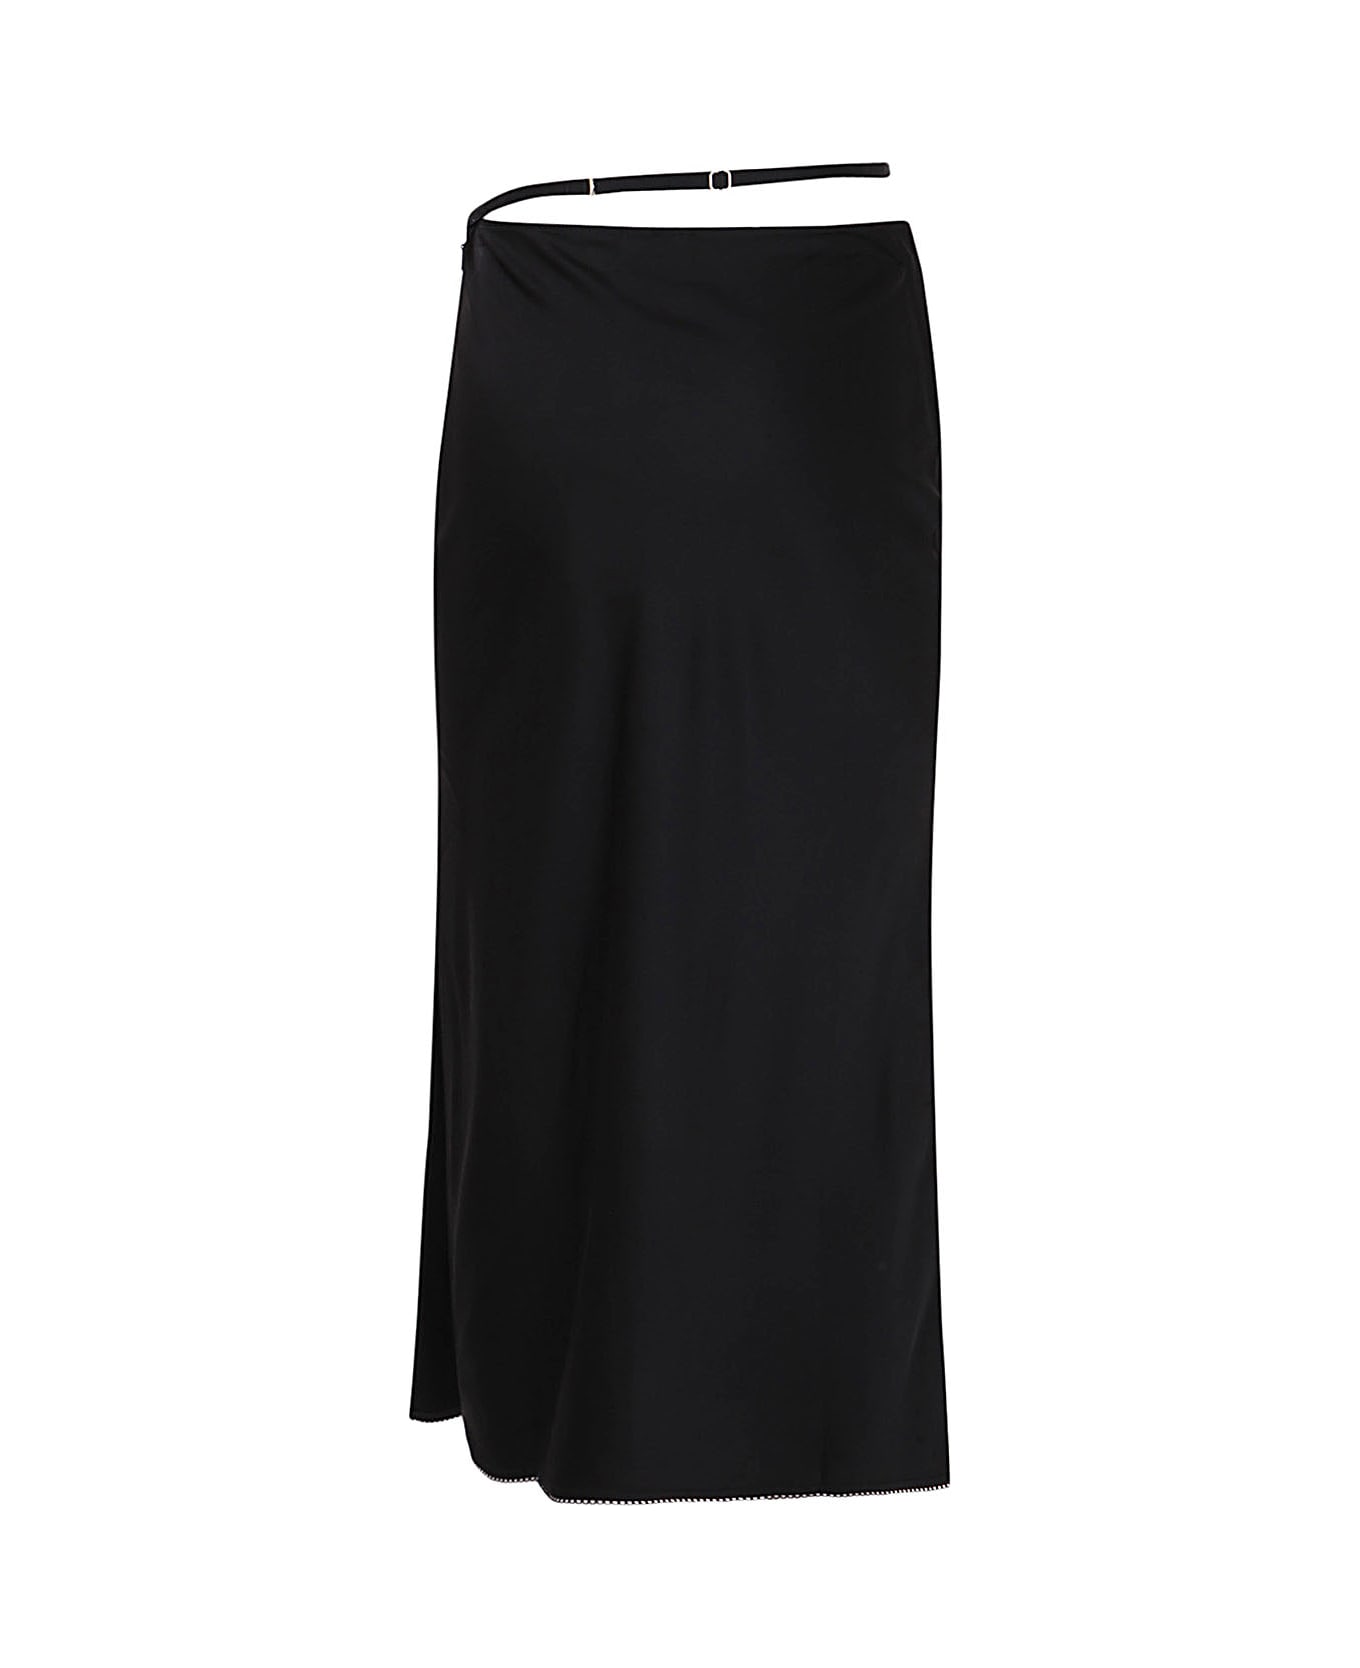 Jacquemus La Jupe Skirt - Black
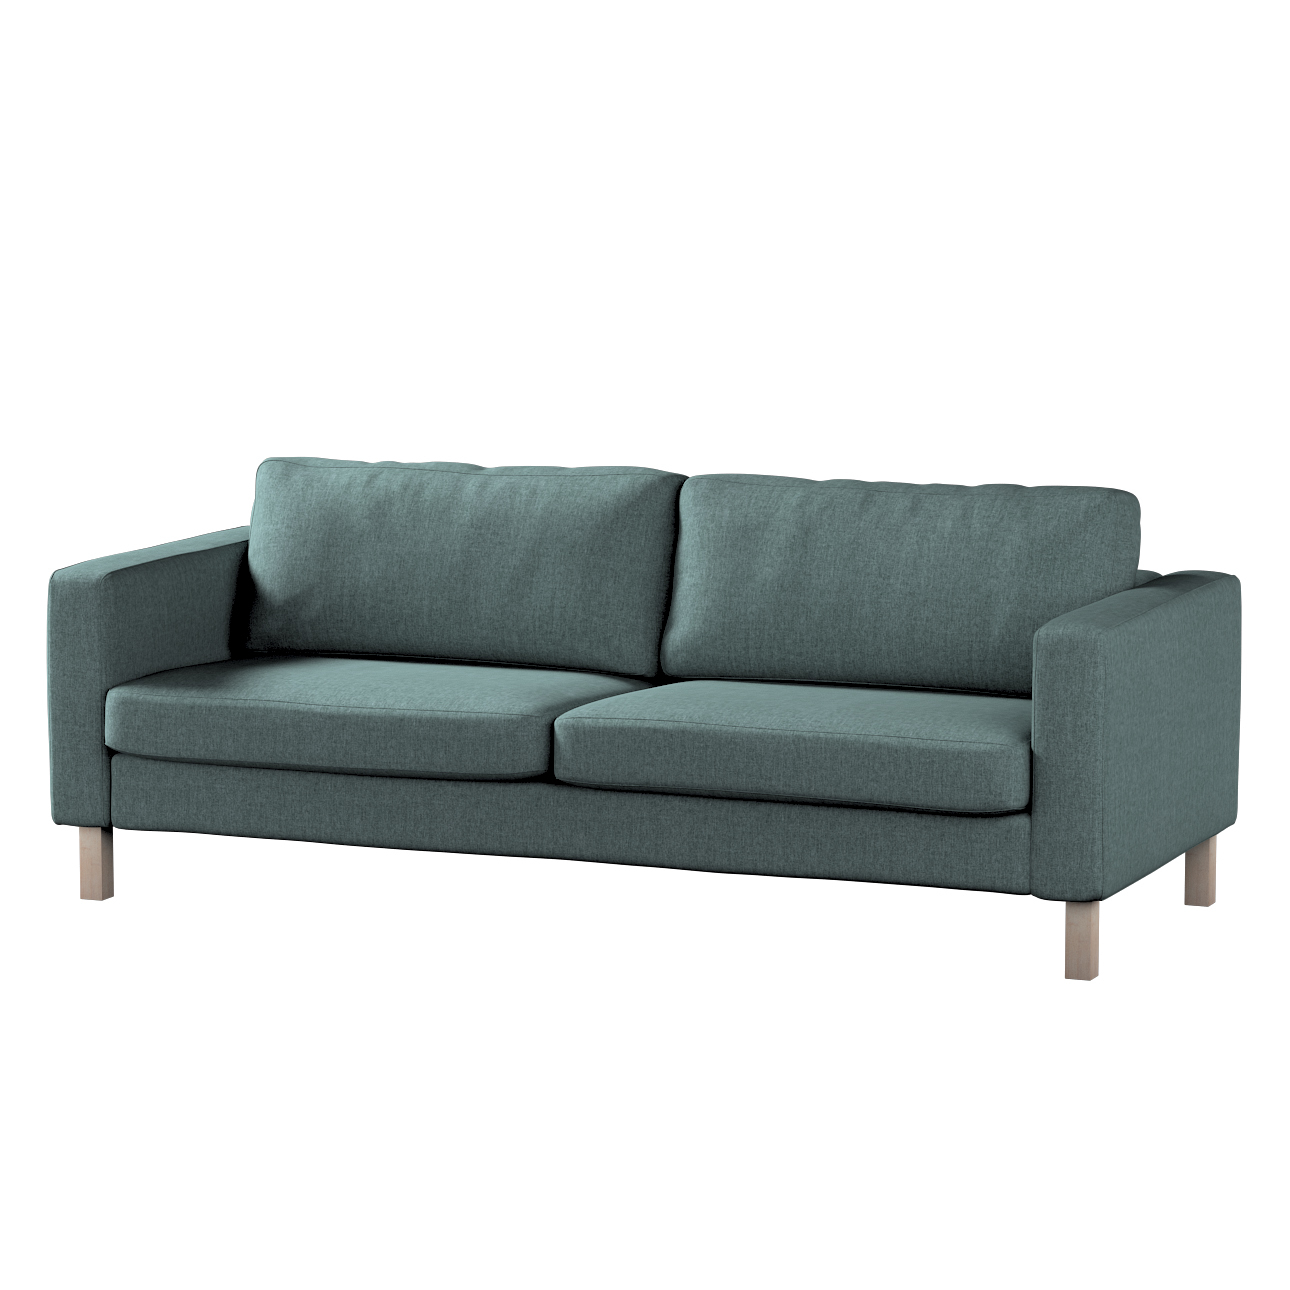 Bezug für Karlstad 3-Sitzer Sofa nicht ausklappbar, kurz, grau- blau, Bezug günstig online kaufen
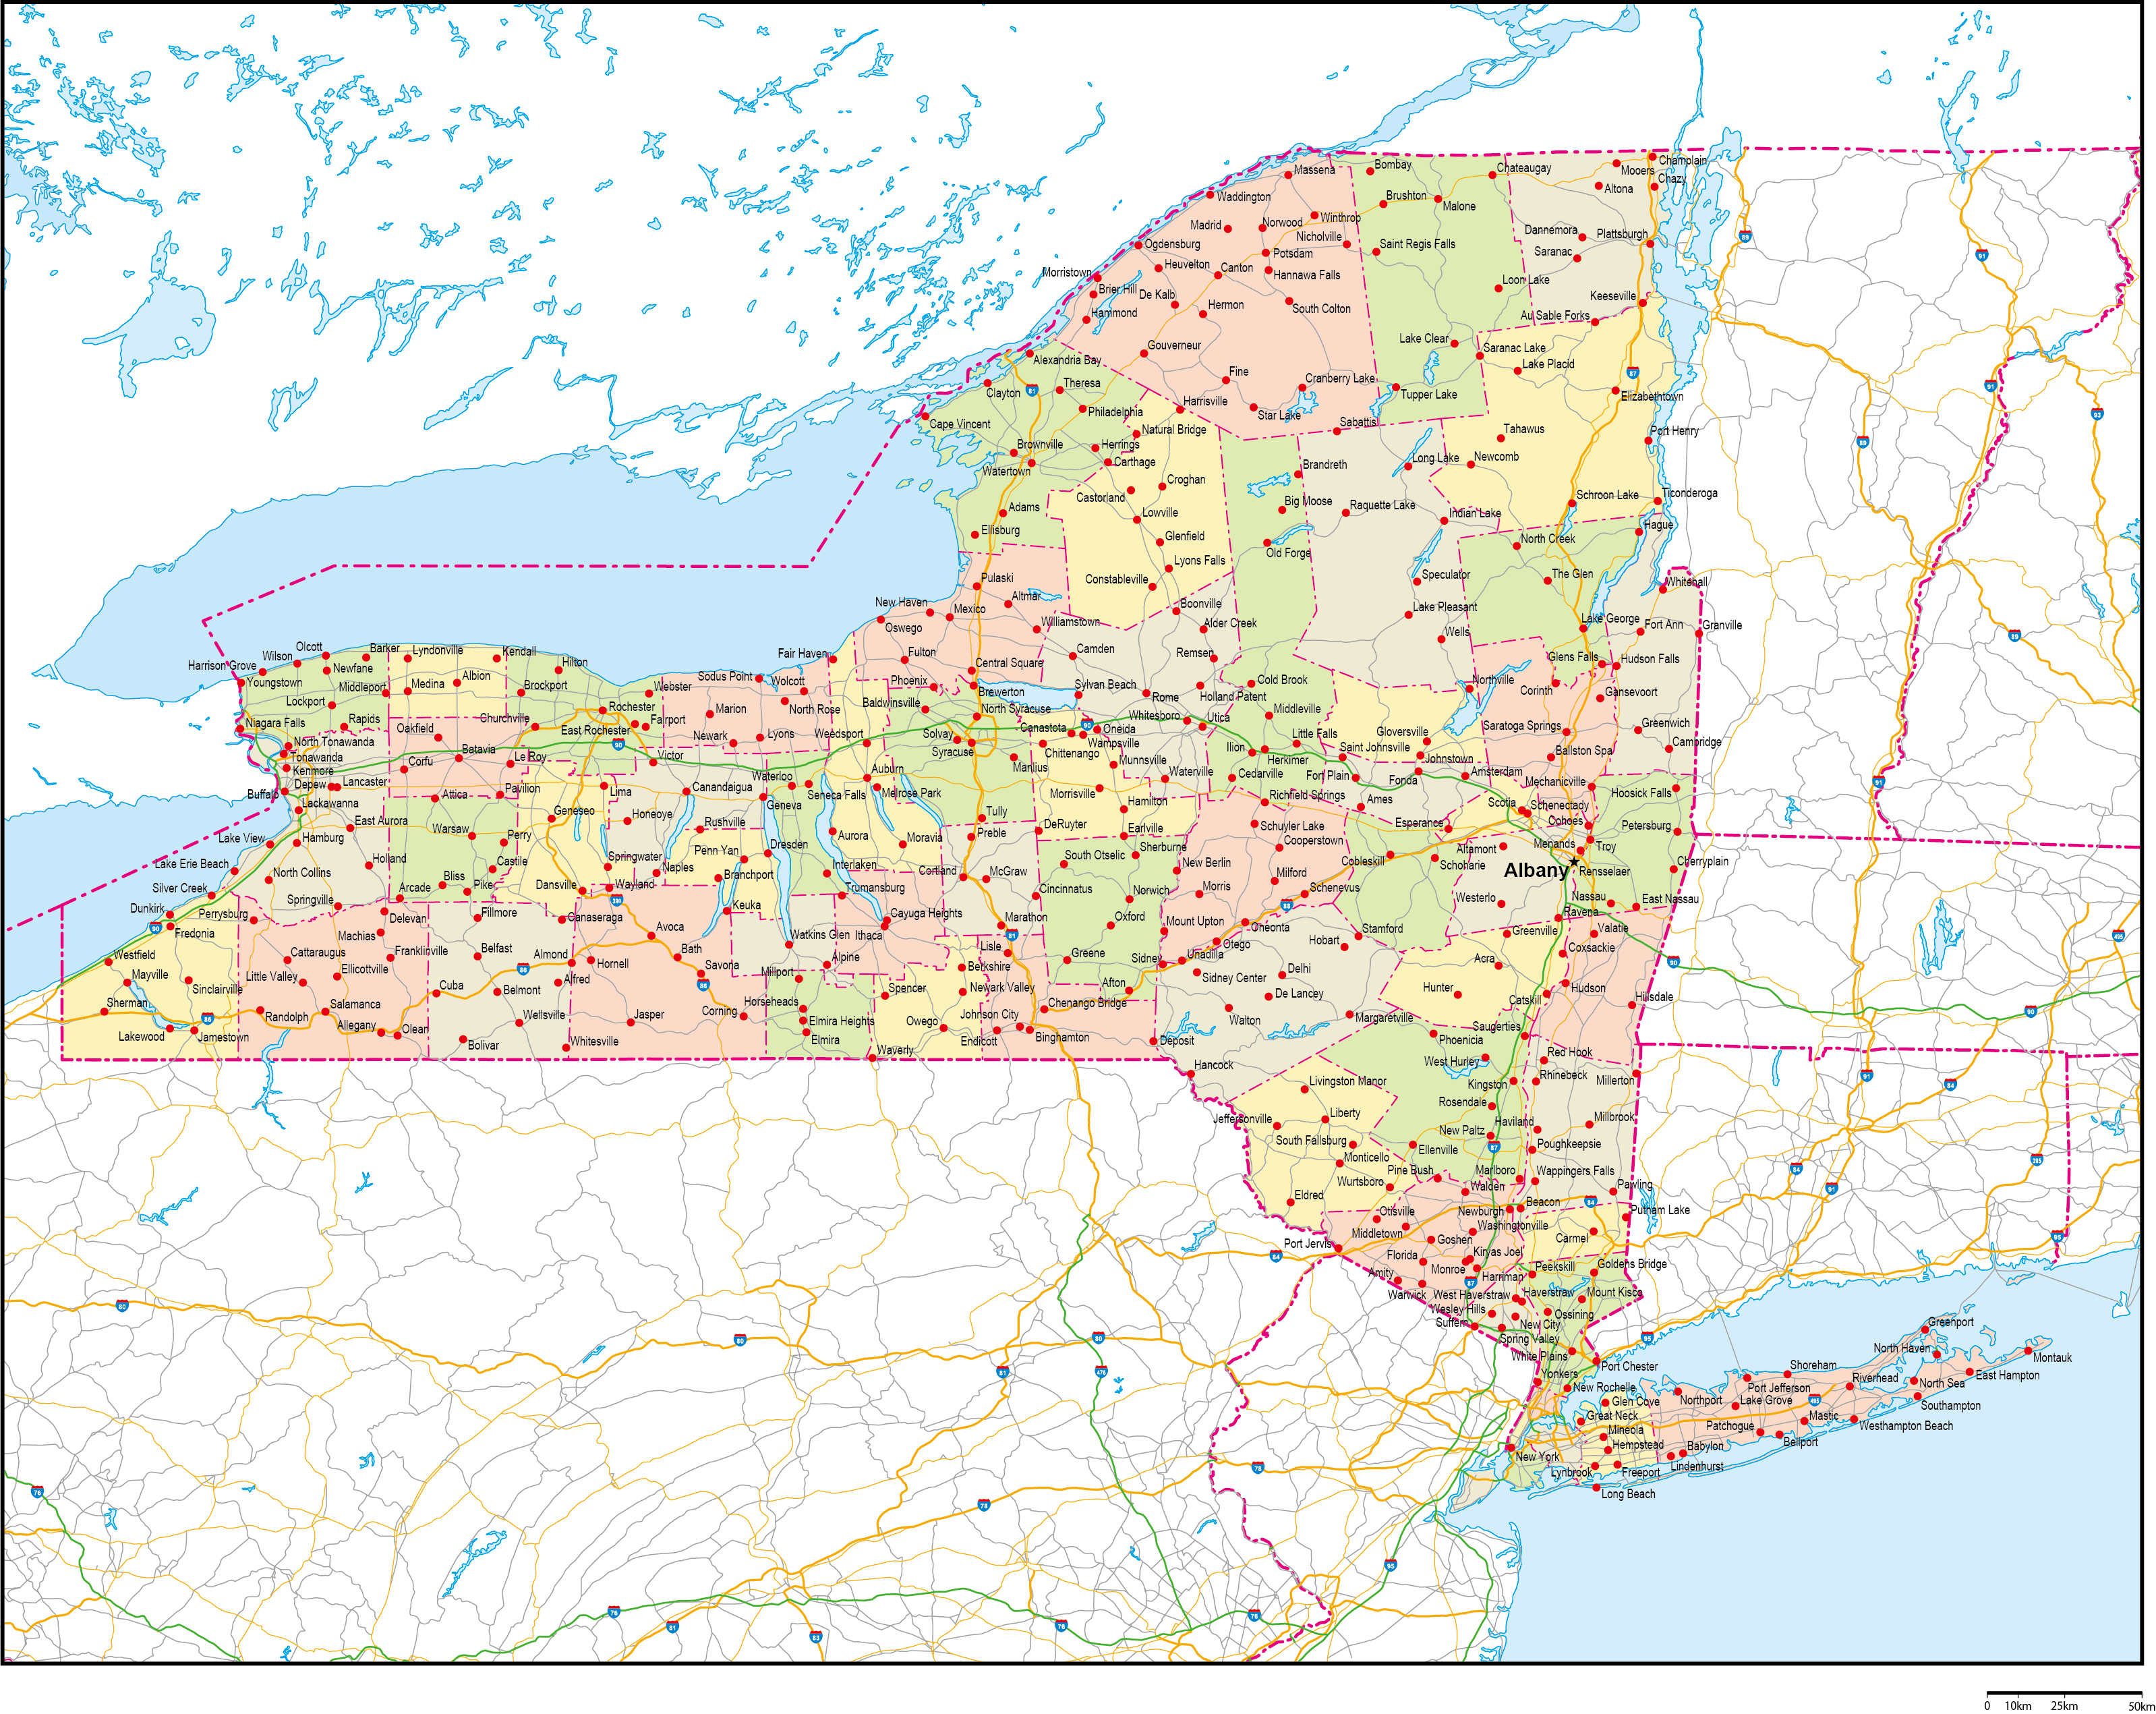 ニューヨーク州郡色分け地図州都・主な都市・道路あり(英語)フリーデータの画像

________________________

EXERCISE DETAILS -
Quote, please, only the lines running from the one with "Bezug für Karlstad" down to the final line of the data above, keeping both ends and skipping the pictures.

REPLY -
 Bezug für Karlstad 3-Sitzer Sofa nicht ausklappbar, kurz, grau- blau, Bezug günstig online kaufen
 ニューヨーク州郡色分け地図州都・主な都市・道路あり(英語)フリーデータの画像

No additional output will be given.